SHRINK: And how does that make you feel?

MAURICE: Huh? No. You asked me how I define the person called me. And I'm saying, I'm always having thoughts of-- What do ya? Insightful. For example, where does the President of United States buy his clothes? Do they shut down like a whole JC Penney? Just so he can try on a suit.

SHRINK: There's a tailor, he comes to the White House.

MAURICE: Now see, I didn't know that.

SHRINK: Let's focus. So when you say your parole officer was mean to you before, how did that make you feel?

MAURICE: You know, just not good, you know. I mean here I am, I'm trying, you know. Not hurting anybody, anymore. So…

Maurice puts his cigarette in his mouth but starts coughing.

SHRINK: Are you getting high?

Maurice is still coughing.

MAURICE: No.

Maurice flicks his cigarette out the window, except his window is still up and some of the cigarette ashes falls on his pants .

MAURICE: Oh shit.

Maurice rolls down the windows. The car slightly zig-zags, causing the paper to be lifted off the seat and on
Maurice’s leg.

SHRINK: Maurice?

MAURICE: Ah hell.

Maurice flicks the cigarette out the window. The paper flies out the window. Maurice tries grabbing it.
MAURICE: No, no, no, no! Goddammit. Son of a bitch.

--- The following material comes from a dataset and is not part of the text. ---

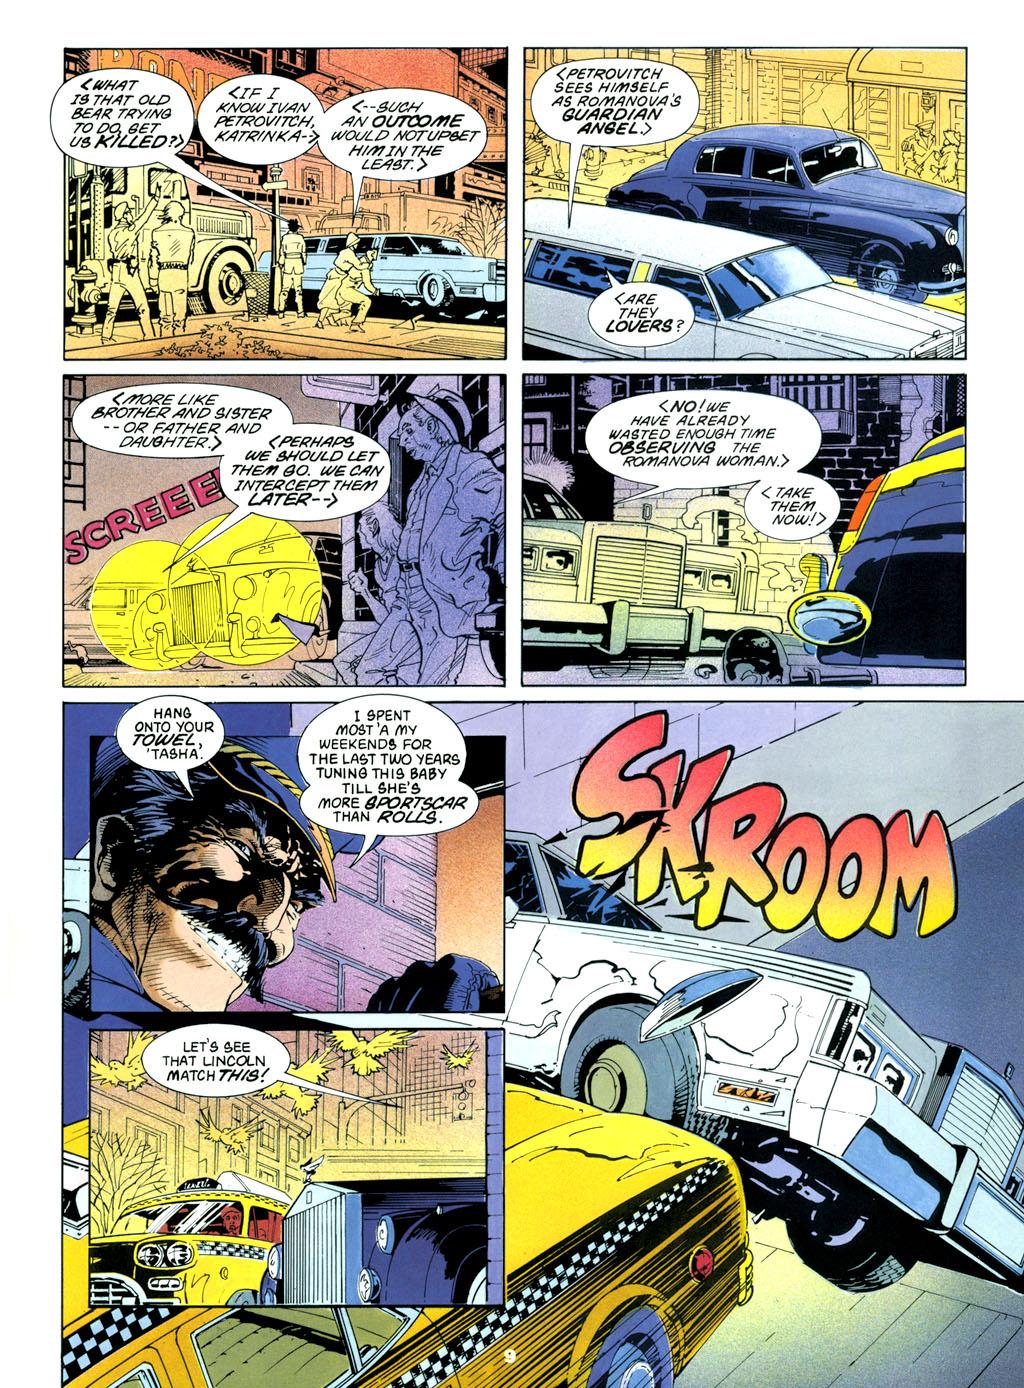 Read Online Marvel Graphic Novel Comic Issue 61 Black

Maurice screeches the car to a halt. Cut to Maurice’s car parked off the road as he looks for the paper.

MAURICE: What the shit?

Mauice scratches his head. He trips and falls backwards.

MAURICE: God blast.

Maurice gets back up.

MAURICE: Ah screw it, I remember.

Upbeat dramatic music plays as Maurice walks away. The paper is seen not too far from where he was.

INT. STUSSY LOTS LTD- ROOM

Emmit walks inside. He gets out of an elevator. He puts his coat down and seems concerned seeing a man in his office. Emmit walks over .

SY: I put him in your office.

Emmit is startled from Sy.

EMMIT: Oh geez. Who?

SY: Didn't get a name. Here from the lender he said. I told him it was late, but he just got off a plane so—

Emmit and Sy walk in the office.

EMMIT: Hey there. Emmit Stussy, thanks for a—

Emmit moves to shake the stranger’s hand. The stranger doesn’t accept.

EMMIT: Well. Honestly we didn't know if our message had—

VM VARGAS: You called the number?

EMMIT: Ya, we uh, like I said we didn't—

Emmit sits on his desk.

SY: All you get when call—

EMMIT: Clicks and buzzers. Which, hard to leave a-- But good news, you're here and we're in the black now. Stussy Corp and well your firm was nice enough to-- Mr. Ehrmantraut, your broker, he, well, he arranged for your firm to lend us that money last year. We're happy to say we're ready to pay it back in full.

VM VARGAS: That's alright.

EMMIT: I'm sorry.

VM VARGAS: You keep it.

Emmit laughs.

EMMIT: Keep it?

A confused Emmit looks to Sy and back Vargas. Sy looks at Emmit and slightly approaches Vargas.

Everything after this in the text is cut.